3.3.1.  Authorization Policy Mismatches

   Many SSPs perform a first-order level of authorization for requests
   from the SIP-PBX by checking the URI in the From, P-Asserted-
   Identity (PAI), or P-Preferred-Identity (PPI) [RFC3325] header field
   for one matching either an explicitly or implicitly registered AOR
   for the same Contact URI and/or Layer-3 IP Address.  However, some
   SIP-PBXs change the Contact URI they use for non-REGISTER requests to
   be different from the one they explicitly registered.  For example,
   they change the user portion of the Contact URI, or even the host
   portion.  This is particularly true for a SIP-PBX operating as a
   proxy and forwarding the Contact URI from the UA behind the SIP-PBX
   (the SIP-PBX typically being identified in a Record-Route header
   field), rather than acting as a Back-to-Back User Agent (B2BUA) and
   substituting its own Contact URI.  This can cause an SSP to fail to
   find an AOR corresponding to the Contact URI for non-REGISTER
   requests, resulting in the SSP rejecting such requests or asserting
   its own PAI value, rather than asserting a value based on received
   header fields.

3.3.2.  PAI or PPI URI Mismatches

   Some SSPs expect the PAI or PPI URI in SIP requests received from the
   SIP-PBX to match one of the explicitly or implicitly registered AORs,
   whereas some SIP-PBXs generate the URIs using their local IP Address,
   hostname, or domain name.  Some SSPs expect the PAI or PPI URI in SIP
   requests received from the SIP-PBX to be the explicitly registered






RFC 5947            Multiple AOR reachability in SIP      September 2010


   AOR only, as it is the main billing number, instead of the implicitly
   registered AOR of the calling party.  In either case, this can result
   in the SSP rejecting requests with values that do not match, or
   asserting its own PAI value.

   Again, these are policy matters for the SSP, but drawbacks should be
   noted.  For example, rejection of requests can rule out requests from
   sources beyond the SIP-PBX (e.g., calls forwarded by the SIP-PBX),
   unless the SIP-PBX changes the PAI or PPI URI to a value acceptable
   to the SSP (in which case it will no longer identify the calling
   user).  If the SSP changes the PAI or PPI URI, again the request will
   fail to identify the calling user.

4.  Requirements

   The following are requirements of the mechanism.

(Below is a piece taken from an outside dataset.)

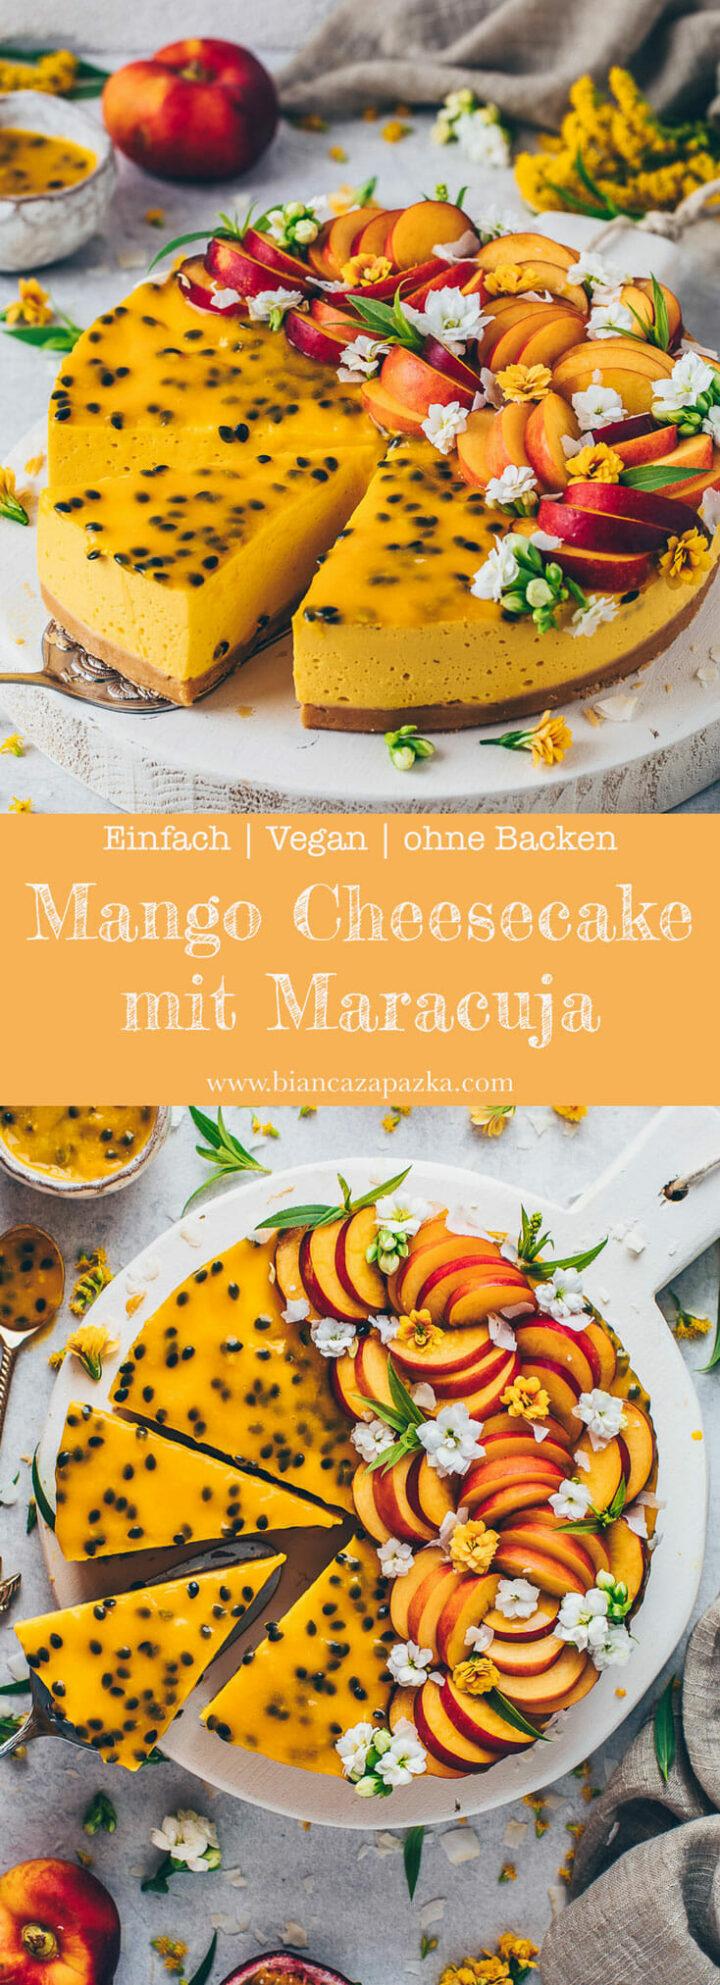 Mango Cheesecake Torte ohne Backen mit Maracuja und Nektarinen

   REQ1:   The mechanism MUST allow a SIP-PBX to enter into a trunking
           arrangement with an SSP whereby the two parties have agreed
           on a set of telephone numbers assigned to the SIP-PBX.

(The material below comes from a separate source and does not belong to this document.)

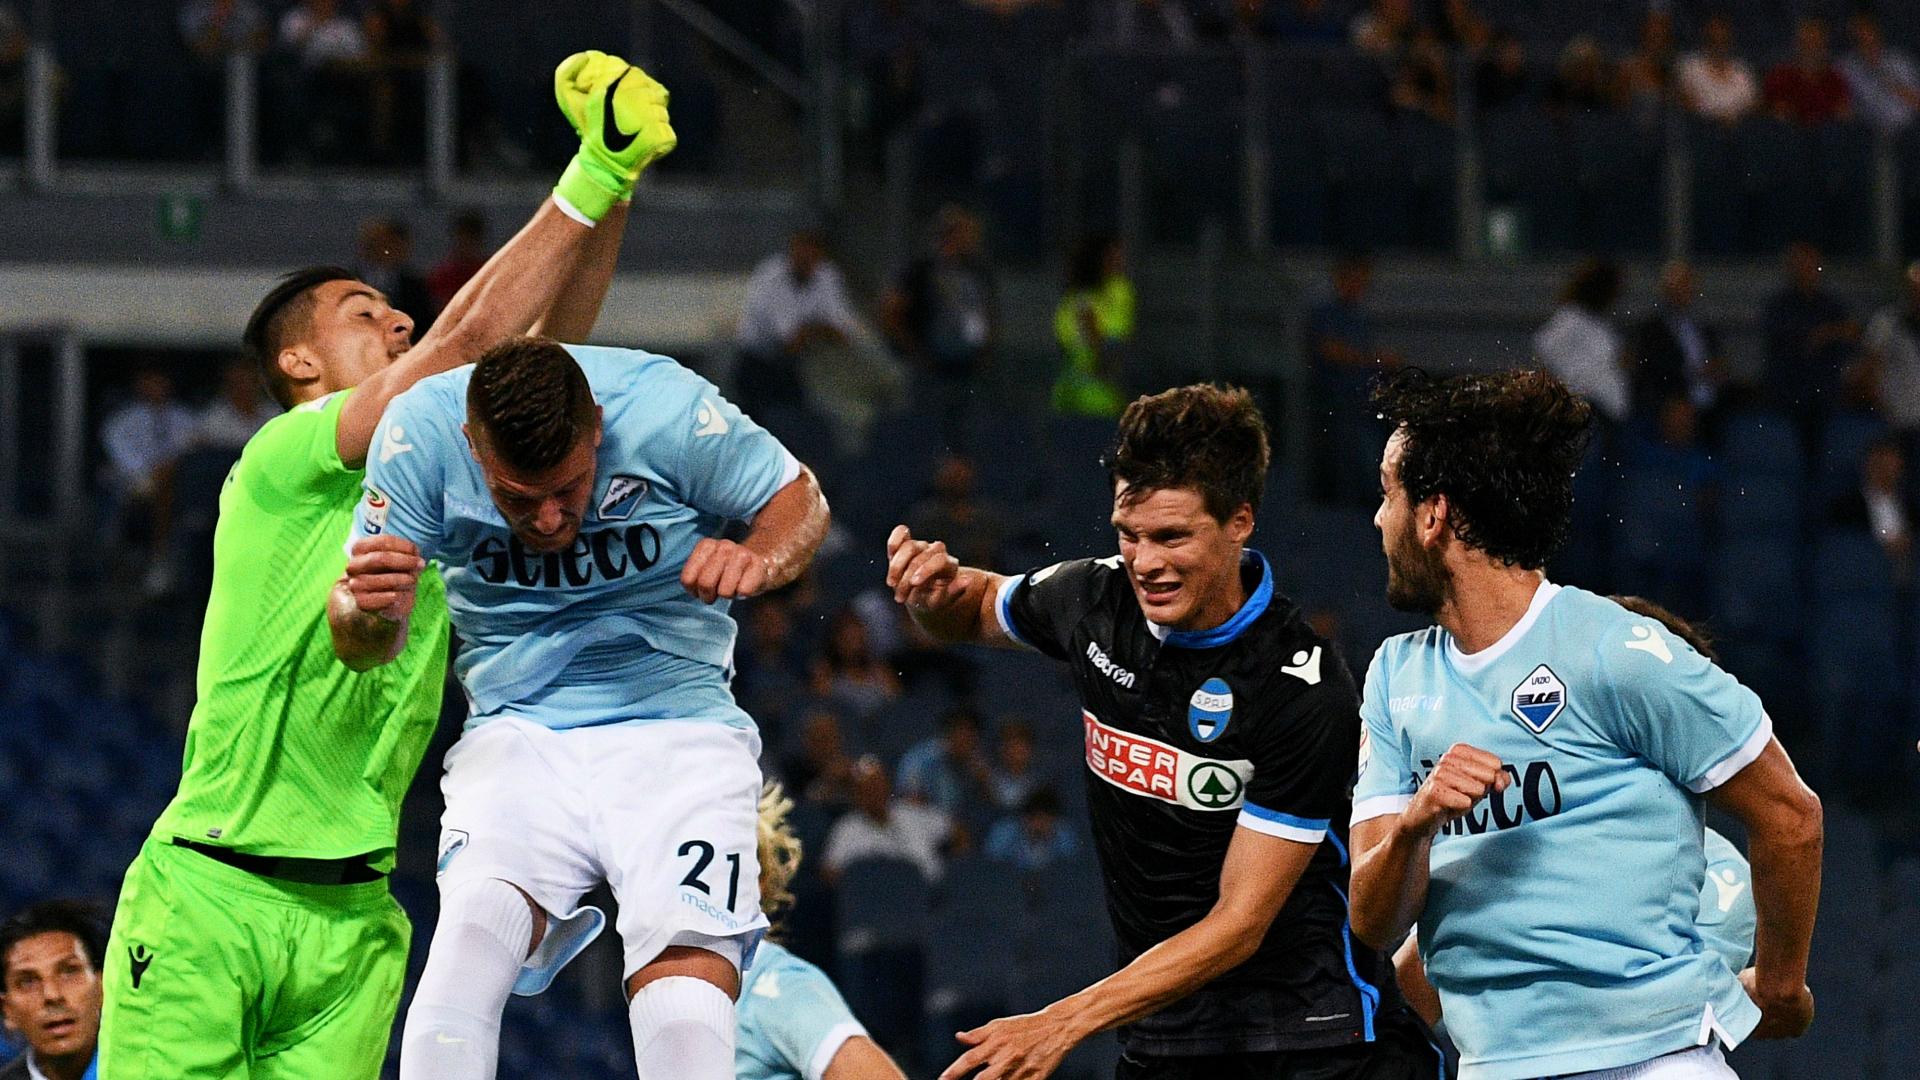 La Lazio sottovaluta una Spal tosta: 0-0

   REQ2:   The mechanism MUST allow a set of assigned telephone numbers
           to comprise E.164 numbers, which can be in contiguous ranges,
           discrete, or in any combination of the two.

   REQ3:   The mechanism MUST allow a SIP-PBX to register reachability
           information with its SSP, in order to enable the SSP to route
           to the SIP-PBX inbound requests targeted at assigned
           telephone numbers.

   REQ4:   The mechanism MUST allow UAs attached to a SIP-PBX to
           register with the SIP-PBX for AORs based on assigned
           telephone numbers, in order to receive requests targeted at
           those telephone numbers, without needing to involve the SSP
           in the registration process.

   REQ5:   The mechanism MUST allow a SIP-PBX to handle requests
           originating at its own UAs and targeted at its assigned
           telephone numbers, without routing those requests to the SSP.

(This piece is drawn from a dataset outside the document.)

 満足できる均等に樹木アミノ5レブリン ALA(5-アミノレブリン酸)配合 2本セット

   REQ6:   The mechanism MUST allow a SIP-PBX to receive requests to its
           assigned telephone numbers originating outside the SIP-PBX
           and arriving via the SSP, so that the SIP-PBX can route those
           requests onwards to its UAs, as it would for internal
           requests to those telephone numbers.






RFC 5947            Multiple AOR reachability in SIP      September 2010


   REQ7:   The mechanism MUST provide a means whereby a SIP-PBX knows at
           which of its assigned telephone numbers an inbound request
           from its SSP is targeted.

   REQ8:   The mechanism MUST provide a means of avoiding problems due
           to one side using the mechanism and the other side not.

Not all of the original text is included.